Summary of Storage and File Structure.

Summary

• Several types of data storage exist in most computer systems. They are classified by the speed with which they can access data, by their cost per unit of data to buy the memory, and by their reliability. Among the media avail- able are cache, main memory, flash memory, magnetic disks, optical disks, and magnetic tapes.

• Two factors determine the reliability of storage media: whether a power failure or system crash causes data to be lost, and what the likelihood is of physical failure of the storage devise.

• We can reduce the likelihood of physical failure by retaining multiple copies of data. For disks, we can use mirroring. Or we can use more sophisticated methods based on redundant arrays of independent disks (RAIDs). By striping data across disks, these methods offer high throughput rates on large accesses; by introducing redundancy across disks, they improve reliability greatly. Several different RAID organizations are possible, each with different cost, performance and reliability characteristics. RAID level 1 (mirroring) and RAID level 5 are the most commonly used.

• We can organize a file logically as a sequence of records mapped onto disk blocks. One approach to mapping the database to files is to use several files, and to store records of only one fixed length in any given file. An alternative is to structure files so that they can accommodate multiple lengths for records. There are different techniques for implementing variable-length records, including the slotted-page method, the pointer method, and the reserved-space method.

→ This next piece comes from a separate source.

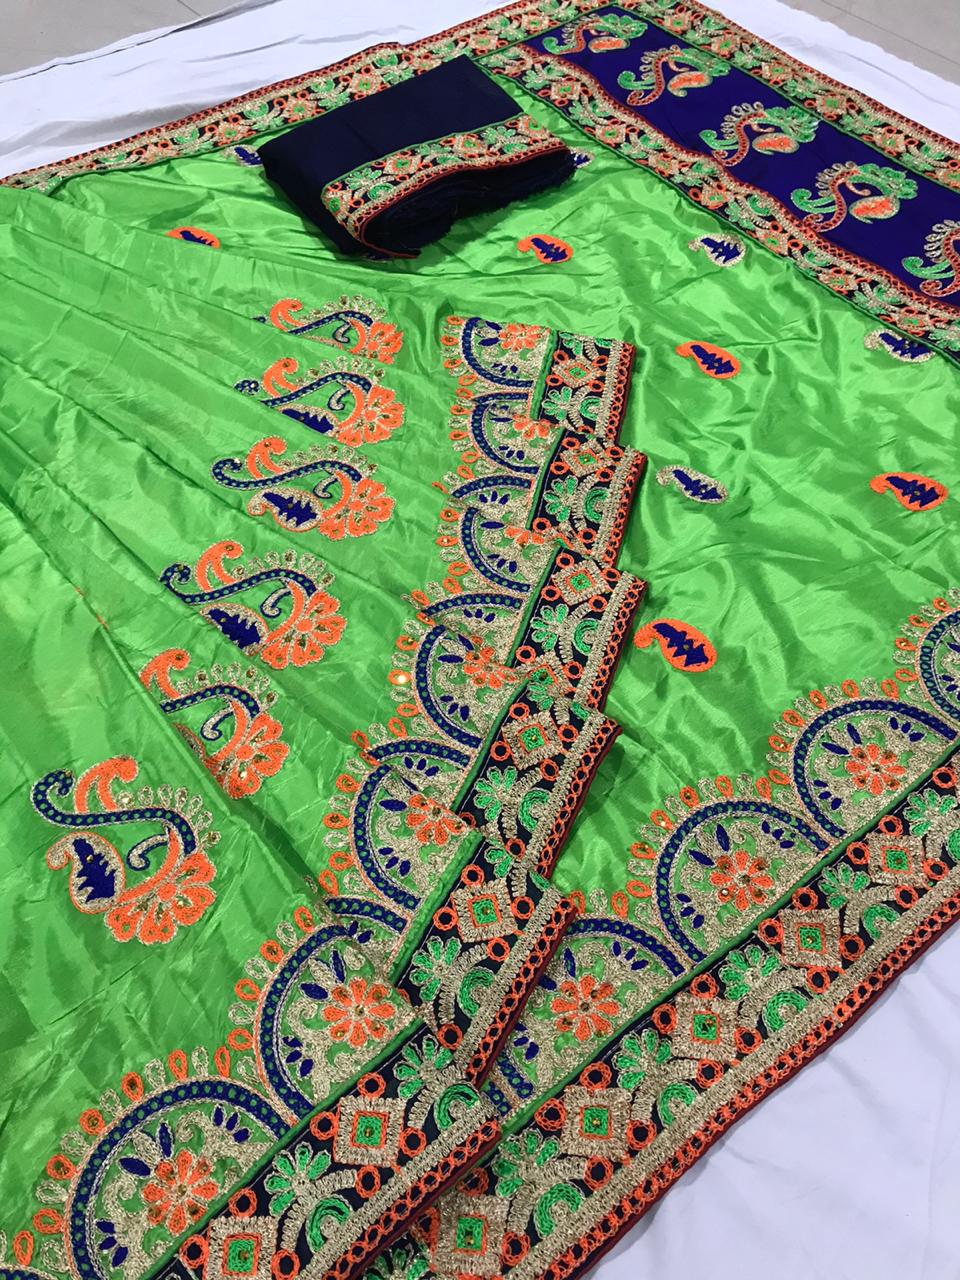 Gorgeous Green Silk With Embroidered Work Designer Saree

• Since data are transferred between disk storage and main memory in units of a block, it is worthwhile to assign file records to blocks in such a way that a single block contains related records. If we can access several of the records we want with only one block access, we save disk accesses. Since disk accesses are usually the bottleneck in the performance of a database system, careful assignment of records to blocks can pay significant performance dividends.

• One way to reduce the number of disk accesses is to keep as many blocks as possible in main memory. Since it is not possible to keep all blocks in main memory, we need to manage the allocation of the space available in main memory for the storage of blocks. The buffer is that part of main memory available for storage of copies of disk blocks. The subsystem responsible for the allocation of buffer space is called the buffer manager.

• Storage systems for object-oriented databases are somewhat different from storage systems for relational databases: They must deal with large objects, for example, and must support persistent pointers. There are schemes to detect dangling persistent pointers.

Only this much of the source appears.